2009-08-19 Thread Simon Forman
On Aug 19, 11:34 pm, John Machin sjmac...@lexicon.net wrote:
 On Aug 20, 12:12 pm, Simon Forman sajmik...@gmail.com wrote:

  On Aug 19, 8:17 pm, Jan Kaliszewski z...@chopin.edu.pl wrote:
   If you mean: to count non overlaping occurences of string A in B
   -- simply:

      B.count(A)

  You don't want to use count() in a case like this because it iterates
  through B len(A) times, i.e. this algorithm is O(A x B).

 There's seems to be multiple confusion here. Jan was talking about
 counting non-overlapping occurrences of string A in [string] B. In
 that case B.count(A) is nowhere near O(A*B)... in fact in reasonable
 cases it is sub-linear i.e.
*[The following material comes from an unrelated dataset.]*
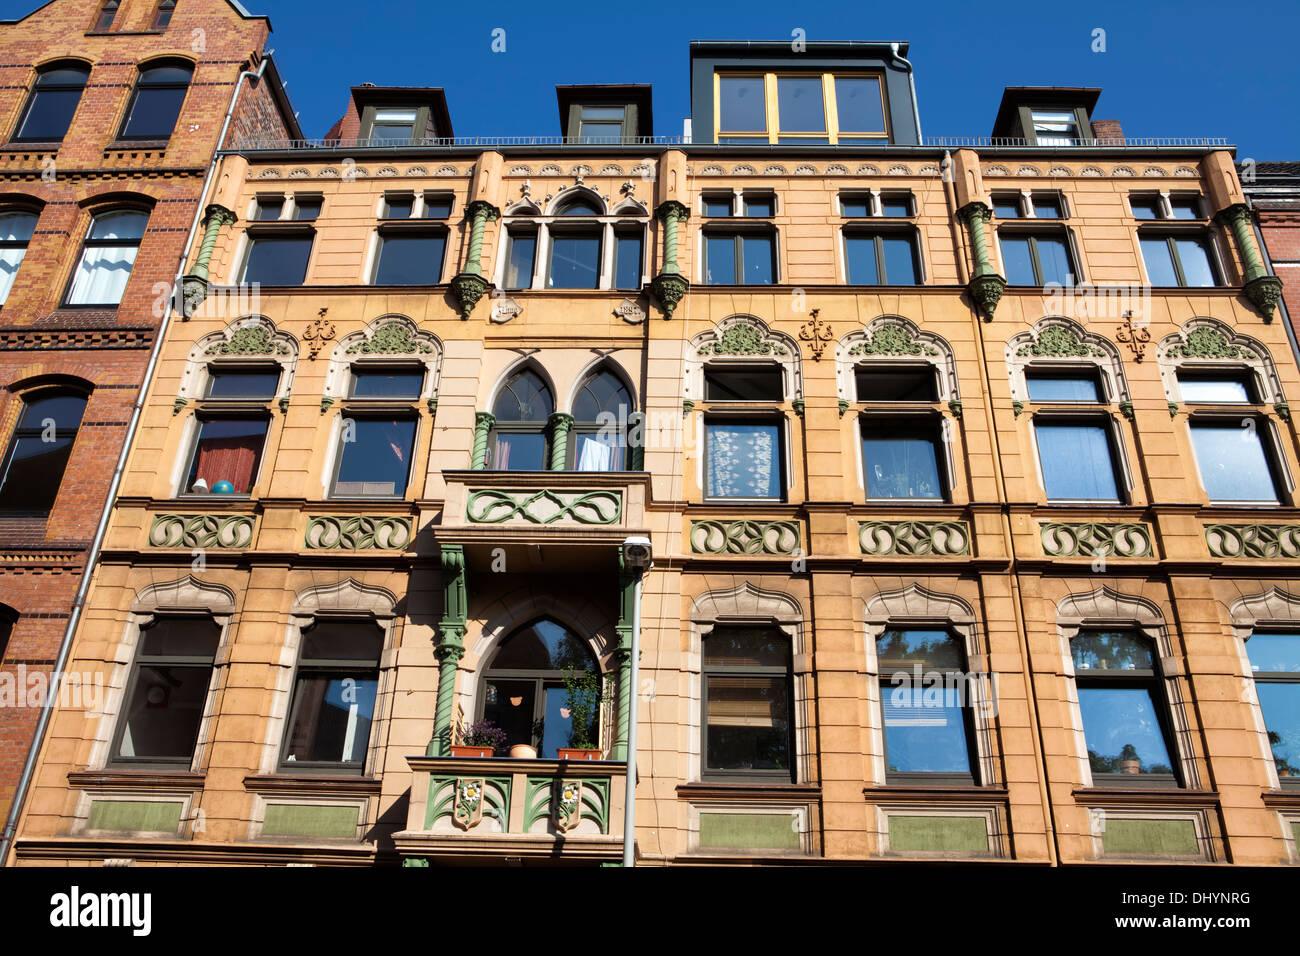 Architettura storica, Tiglio, Hannover, Bassa Sassonia, Germania, Europa Immagini Stock
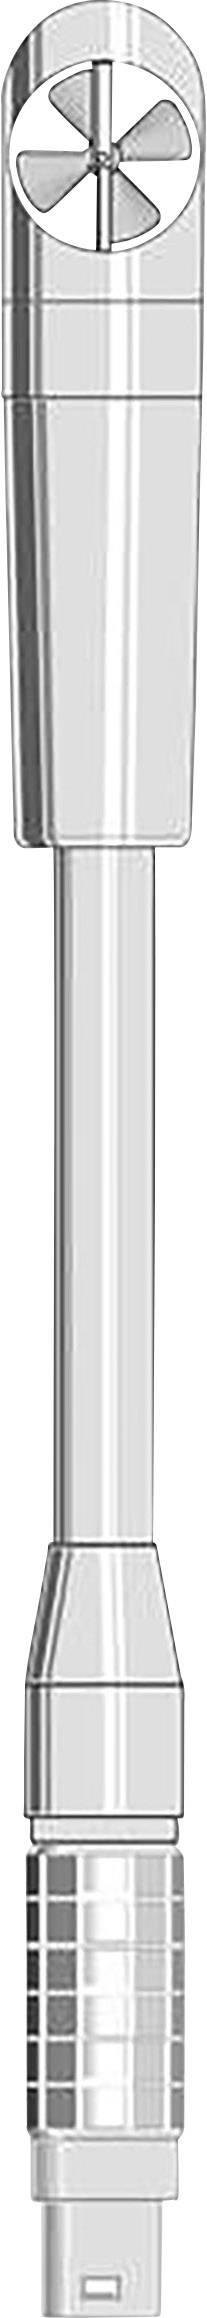 Snímač vzduchového prúdenia (vrtuľka) s meraním v ° C testo 0635 9540

O(B/A)

 Seehttp://svn.python.org/view/python/trunk/Objects/stringlib/fastsearch

 And even a naive implementation of str.count() would not iterate
 through B len(A) times.

 and list.count() can't be used on its own to solve Neal's problem; its
 arg is a single element so it would have to be wrapped in a loop: sum
 (B.count(a) for a in A) which would of course be O(A*B)

First, thanks for pointing out str.count().  I didn't know of it and I
didn't notice that that was what was being used in Jan's code. (It's
blindingly obvious-- now that you've pointed it out. :] )


Second, I was referring to this:

   dict((element, B.count(element)) for element in A)

not B.count(A). Sorry for not interspersing my comment better.